Gerechtshof Amsterdam

Datum uitspraak
7 januari 2016
Publicatiedatum
13 januari 2016
Zaaknummer
15/00102
Instantie
Gerechtshof Amsterdam
Type
Uitspraak
Rechtsgebied
Bestuursrecht; Belastingrecht
Procedures
  • Hoger beroep
Vindplaatsen
  • Rechtspraak.nl
AI samenvatting door LexboostAutomatisch gegenereerd

Hoger beroep inzake aftrekbaarheid kosten levensonderhoud pleegkind

In deze zaak heeft het Gerechtshof Amsterdam op 7 januari 2016 uitspraak gedaan in hoger beroep over de aftrekbaarheid van kosten van levensonderhoud voor een pleegkind. De belanghebbende, aangeduid als [X], had een pleegkind in haar huishouden dat via Stichting Spirit Pleegzorg Amsterdam was geplaatst.
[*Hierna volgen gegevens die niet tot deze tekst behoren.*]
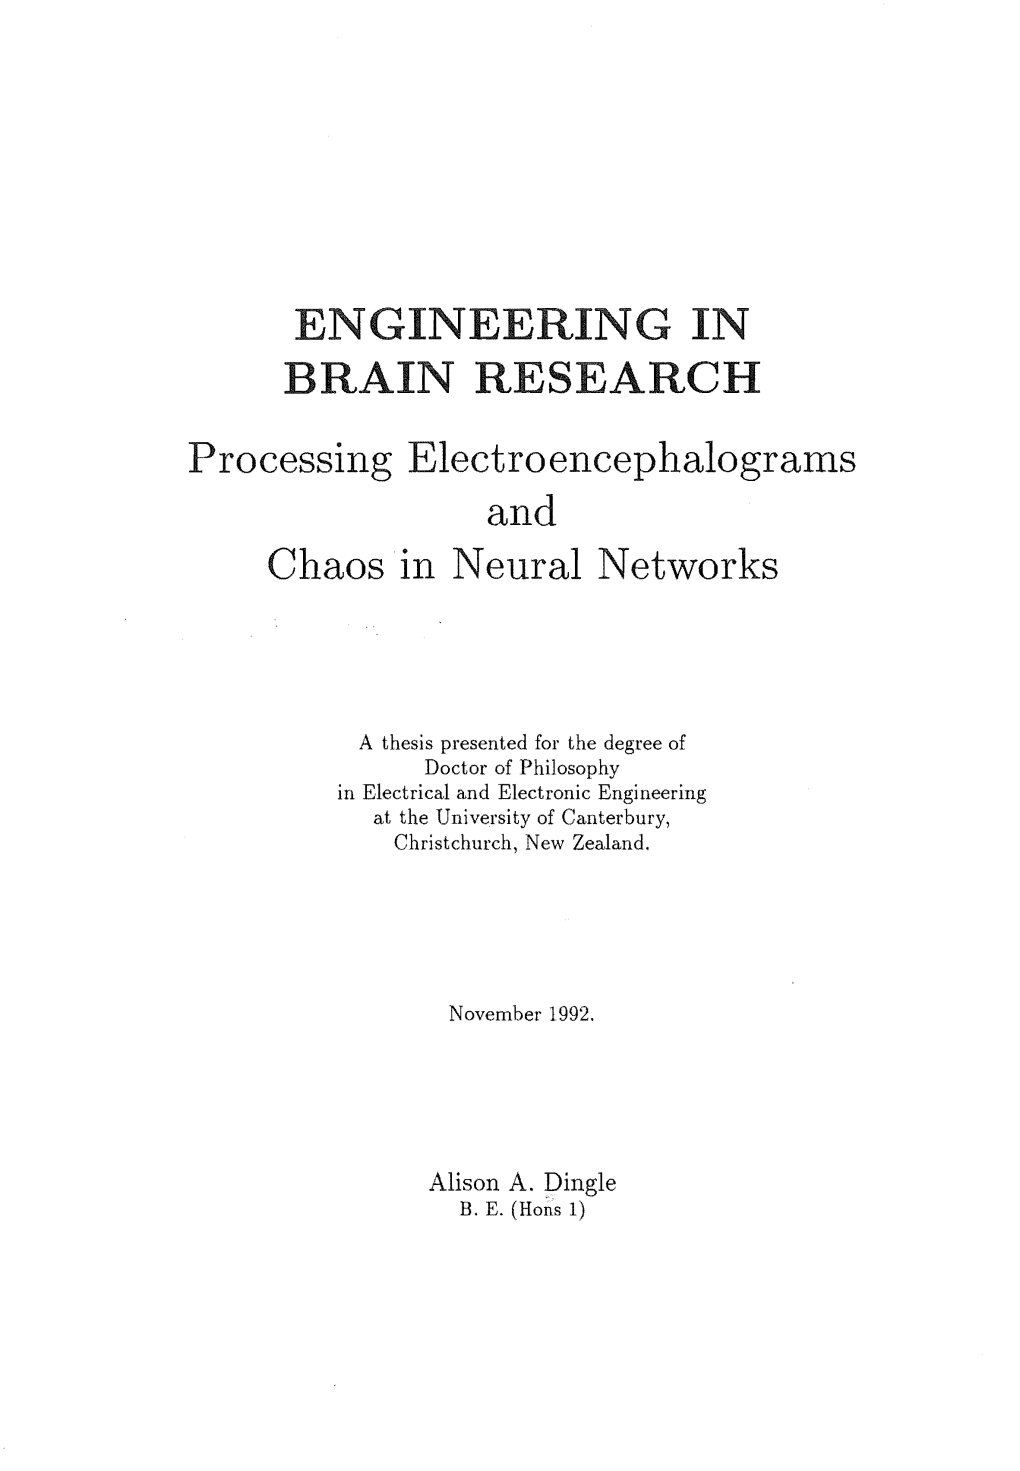 Engineering in Brain Research, from the Development of Instrumentation, to the Analysis of Recorded Signals, to the Modelling of Brain Function

De belanghebbende ontving een maandelijkse pleegzorgvergoeding, maar had additionele kosten voor het pleegkind die zij als gift aan de Stichting wilde aftrekken. De inspecteur van de Belastingdienst had een aanslag inkomstenbelasting opgelegd, waarbij de aftrek voor uitgaven voor levensonderhoud was gecorrigeerd. De rechtbank had het beroep van de belanghebbende ongegrond verklaard, waarna zij in hoger beroep ging.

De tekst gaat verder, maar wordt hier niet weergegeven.